Two coherent sources produce waves of different intensities which interfere. After interference, the ratio of the maximum intensity to the minimum intensity is 16. The intensity of the waves are in the ratio:

We start with the well-known expressions for the maximum and minimum intensities obtained when two coherent light waves of individual intensities $$I_1$$ and $$I_2$$ interfere.

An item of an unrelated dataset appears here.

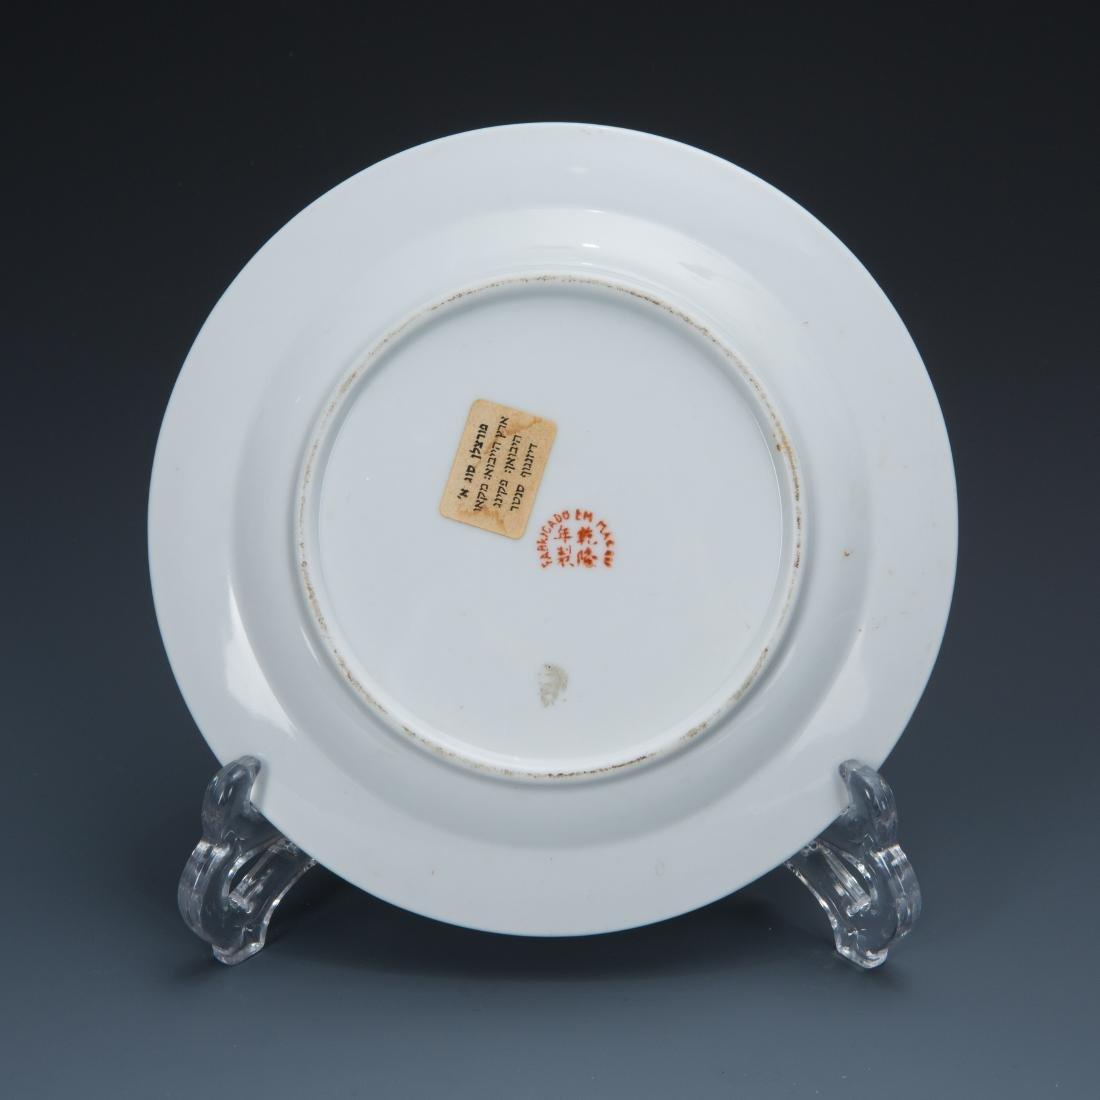 Estate Sale: 3pc Set of Porcelain Plates and Disk - 5

The formulae are stated as:

$$I_{\text{max}}=(\sqrt{I_1}+\sqrt{I_2})^{2}$$

$$I_{\text{min}}=(\sqrt{I_1}-\sqrt{I_2})^{2}$$

The question tells us that after interference the ratio $$I_{\text{max}}:I_{\text{min}}$$ equals $$16:1$$. Translating this into an equation, we have

$$\frac{I_{\text{max}}}{I_{\text{min}}}=16$$

Substituting the expressions for $$I_{\text{max}}$$ and $$I_{\text{min}}$$,

$$\frac{(\sqrt{I_1}+\sqrt{I_2})^{2}}{(\sqrt{I_1}-\sqrt{I_2})^{2}}=16$$

To simplify, we let the ratio of the amplitudes (square-root intensities) be

$$a=\frac{\sqrt{I_1}}{\sqrt{I_2}}$$

Rewriting the equation in terms of $$a$$ gives

$$\frac{(a+1)^{2}}{(a-1)^{2}}=16$$

Cross-multiplying,

$$(a+1)^{2}=16(a-1)^{2}$$

Now we expand both binomials:

$$a^{2}+2a+1 = 16(a^{2}-2a+1)$$

$$a^{2}+2a+1 = 16a^{2}-32a+16$$

Bringing every term to the right side yields zero on the left:

$$0 = 16a^{2}-32a+16 - (a^{2}+2a+1)$$

$$0 = 15a^{2}-34a+15$$

The quadratic $$15a^{2}-34a+15=0$$ can be factorised as

$$(5a-3)(3a-5)=0$$

So, the possible values of $$a$$ are

$$a=\frac{3}{5} \quad \text{or} \quad a=\frac{5}{3}$$

Because amplitudes are positive and we conventionally take $$a\ge 1$$ by choosing the larger intensity in the numerator, we select

$$a=\frac{5}{3}$$

The ratio of the original intensities is the square of the amplitude ratio:

$$\frac{I_1}{I_2}=a^{2}=\left(\frac{5}{3}\right)^{2}=\frac{25}{9}$$

Thus the two waves have intensities in the ratio $$25:9$$.

Hence, the correct answer is Option A.